# Looking for a reputable miniature poodle breeder in California, please help!



## my cutie pie (Jul 6, 2021)

Hi friends, I am looking for a reputable miniature poodle breeder. I'm located just shy of Sacramento, but would not mind driving to San Francisco, or San Jose. I have emailed a couple of breeders (Rankin, BarKing, Clarion, and a few others in my area) the last 12 days, but have not heard any news from either of them. I would really like to get a miniature poodle by the end of this year or sooner.
I would really appreciate any recommendations on reputable breeders in this area. I would prefer black or blue; health and temperament are my top priorities. 

Thank you


----------



## Rose n Poos (Sep 22, 2017)

Hi and Welcome!

Geographically, you've got a few good choices, some you've already contacted. Quality breeders are still dealing with full waitlists, which are normal at anytime, but are stretched even further this last year, so responses can take a very long time.

Unfortunately, this also makes your timeline an unlikely reach. Your chances go up if you expand your search parameters to other regions.

Not knowing your general dog experience, or poodle specific experience, or your experience selecting a breeder I'll add some tips, some things to consider and some things to avoid when selecting a quality breeder.

We often hear from folks that they just want a pet. What doesn't seem to be common knowledge is that the kind of quality, conscientious breeders many of us prefer to support are _always_ breeding for the very best poodles they can. It isn't pet puppy vs show puppy, it's lucky us, the ones wanting a pet who get the pups that have some small "fault" that might reduce their chances of winning competitions, but are flawless to us .

It's not unusual to think that there are possibly thousands of breeders to choose from. For quality, conscientious breeders, that number is more likely only in the hundreds in the US or Canada. A bottom line difference is between those who're breeding primarily for profit and those who're breeding because they feel not only love for poodles but an obligation to the entire breed.

About reviews, a happy owner doesn't necessarily mean an informed owner. It's as likely they've just been lucky, so far. Review any negative comments carefully, if they're allowed to appear.

Getting a puppy from a quality, conscientious breeder is something like insurance. Their investment in the health, welfare, and soundness of all the dogs in their care including the puppies they offer to new homes is part of the reason you're not likely to find a less than $2000 USD puppy from them.
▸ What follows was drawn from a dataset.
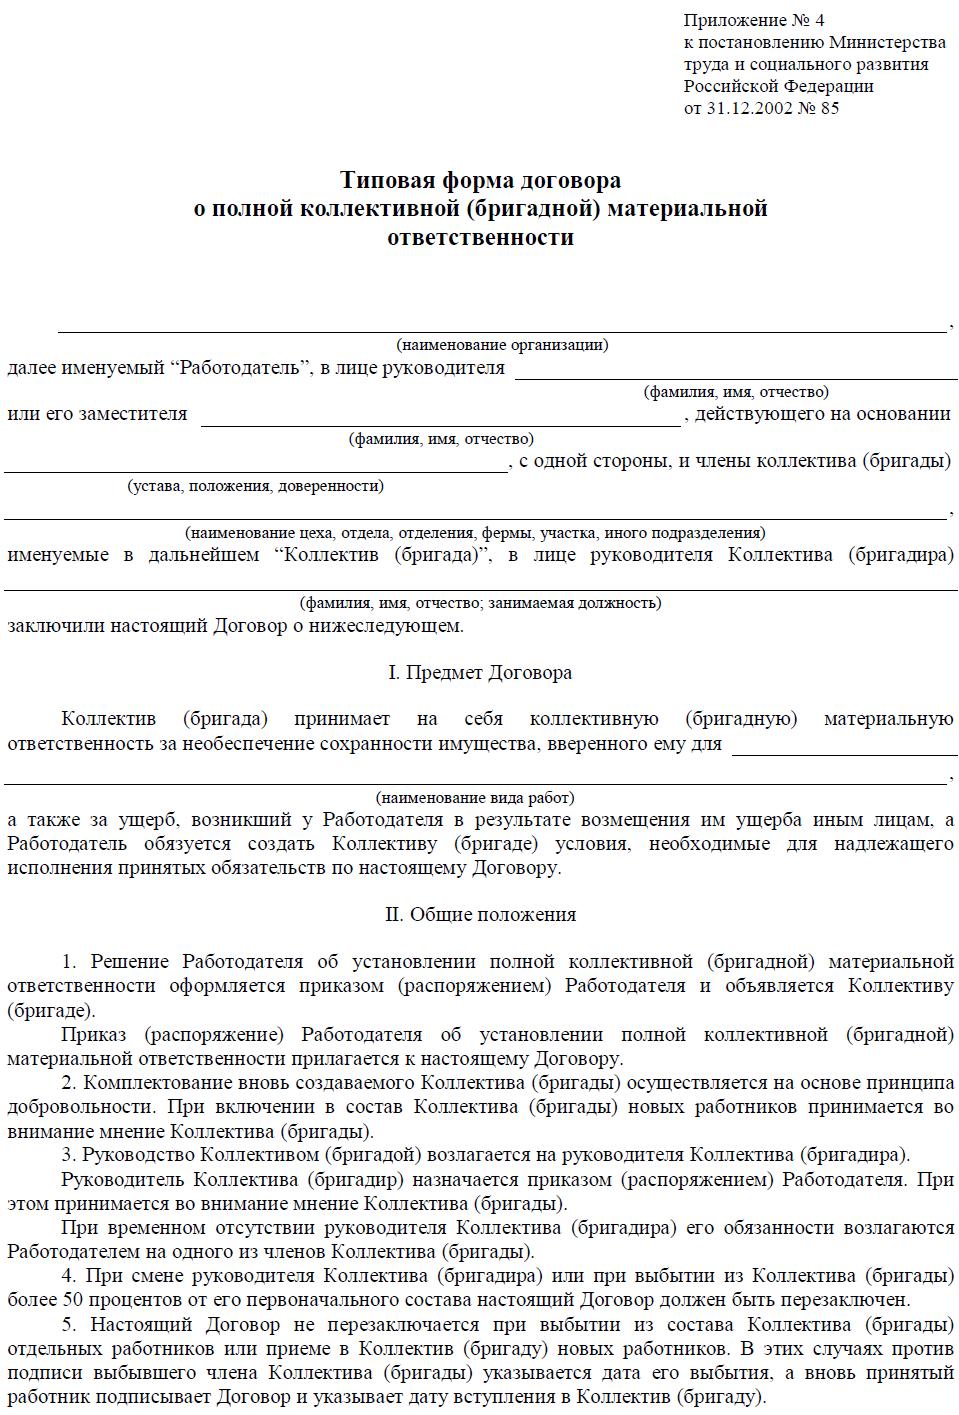 Изменения в законодательстве, вступающие в силу с 1 июля

The saying is "pay the breeder or pay the vet". Price alone isn't the only thing to separate quality breeders from those less than. We've seen members quote as high, and even much higher pricing for pups from parents not health tested, not proven to meet breed standards, sold as purebred when only a DNA test could determine that since they may be sold without registration papers.

If I knew the risks and have dedicated poodle health savings of several thousand dollars or pet insurance, knew that basically that the breeder and I would part ways as soon as the pup was in my hands because they're very unlikely to stand behind their pup and me thru the pups life, I might proceed with a breeder that doesn't meet my criteria.

But

I also wouldn't pay quality breeder prices, and over, unless I'm getting all the quality breeder perks.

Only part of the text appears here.